Penal populism comes at a cost however. It costs approximately £39,000 a year to keep someone in prison (House of Lords 2008) and approximately £2,400 to supervise an individual community order (House of Lords 2007). Probation is more effective in reducing reoffending, with 50.5% of those released reconvicted after two years, compared with 64.7% for prisons (Home Office 2007b, p.11). So why is it that logic does not prevail; why is it not recognised that there could be huge savings from not just investing in probation but by promoting probation? Proper investment in the Probation Service could lead to the achievement of even lower reconviction rates.

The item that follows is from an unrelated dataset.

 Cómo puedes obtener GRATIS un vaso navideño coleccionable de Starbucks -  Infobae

Politicians do their opinion polls, and what research shows is that when you ask people their attitudes to crime, if you ask crude simple questions then people are punitive and want punishment. If you ask more nuanced questions, if you talk about individuals and individual crimes, if you actually talk to victims themselves, then what people really want is something that works, something that reduces reoffending.

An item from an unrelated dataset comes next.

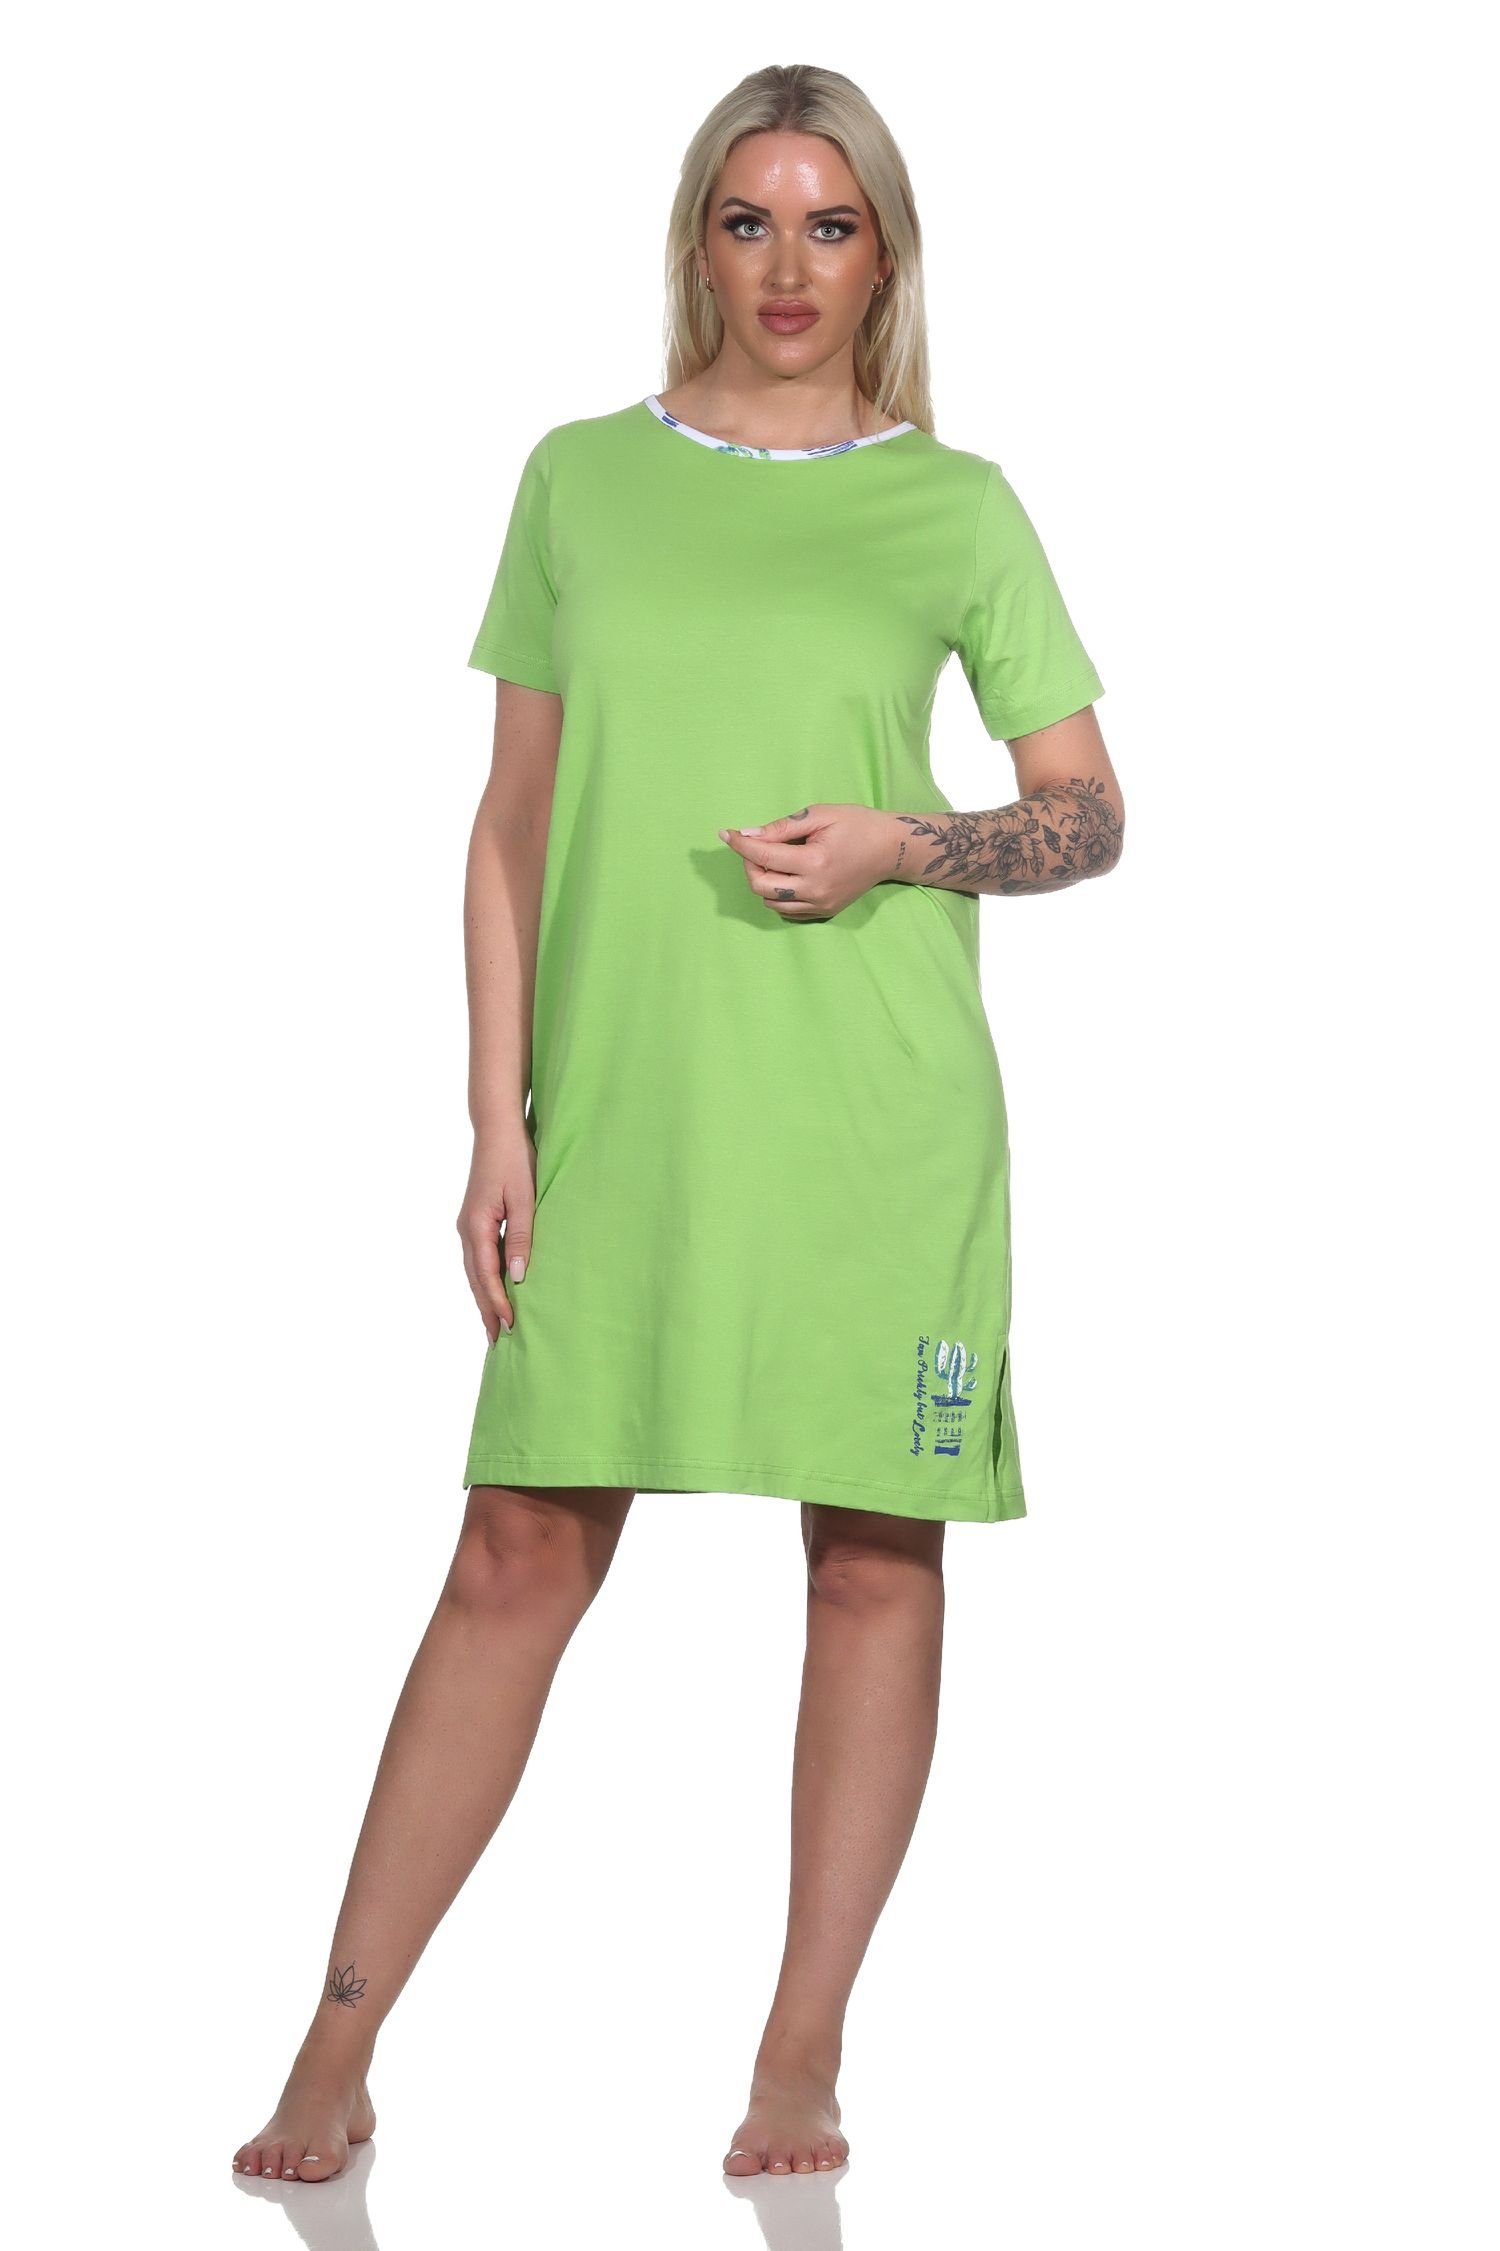 grün Damen Kaktus Nachthemd kurzarm Nachthemd mit Motiv als Normann

Unfortunately it seems that in opinion polls politicians are not very nuanced, and Ministers conclude that penal populism is where the votes are. Speaking up for the Probation Service is therefore not seen as a vote winner.

Structural Reform

It seems that Ministers believe that more votes are to be had from attacking the Probation Service than from praising it. Attacking the Service has also enabled it to justify its never‐ending structural reforms, undertaken to enable contestability and competition to be introduced. Continuous structural reform over recent years has also taken its toll, not only on the confidence of the Service but also on its ability to have a spokesperson at a senior level, whose advice Ministers will heed.

The full history of the Probation Service during the years 1907 to 1997 is documented in various books including Whitehead and Statham's (2006), The History of Probation. The history of the Service shows that despite an increased centralisation and introduction of managerialism that came in with the election of the Conservative government in 1979, local probation services continued to have much local power.

In 1997 that changed, and in Martin Wargent's (2002) Bill McWilliams Memorial Lecture, which he delivered in June 2001, on ‘The new governance of probation’, Martin spoke about the implications of the 1997 Prison and Probation Review (Home Office 1998) and I quote:
the process of modernising the probation service and its governance began formally on 16 July 1997. (p.184)
The restructured Probation Service arising from that Review was introduced in 2001 and led to the introduction of the National Probation Directorate (NPD), ensuring a national voice for the Service. The reduction of the 54 Probation Committees to 42 Probation Boards, co‐terminous with the police and other court boundaries, maintained the local structure.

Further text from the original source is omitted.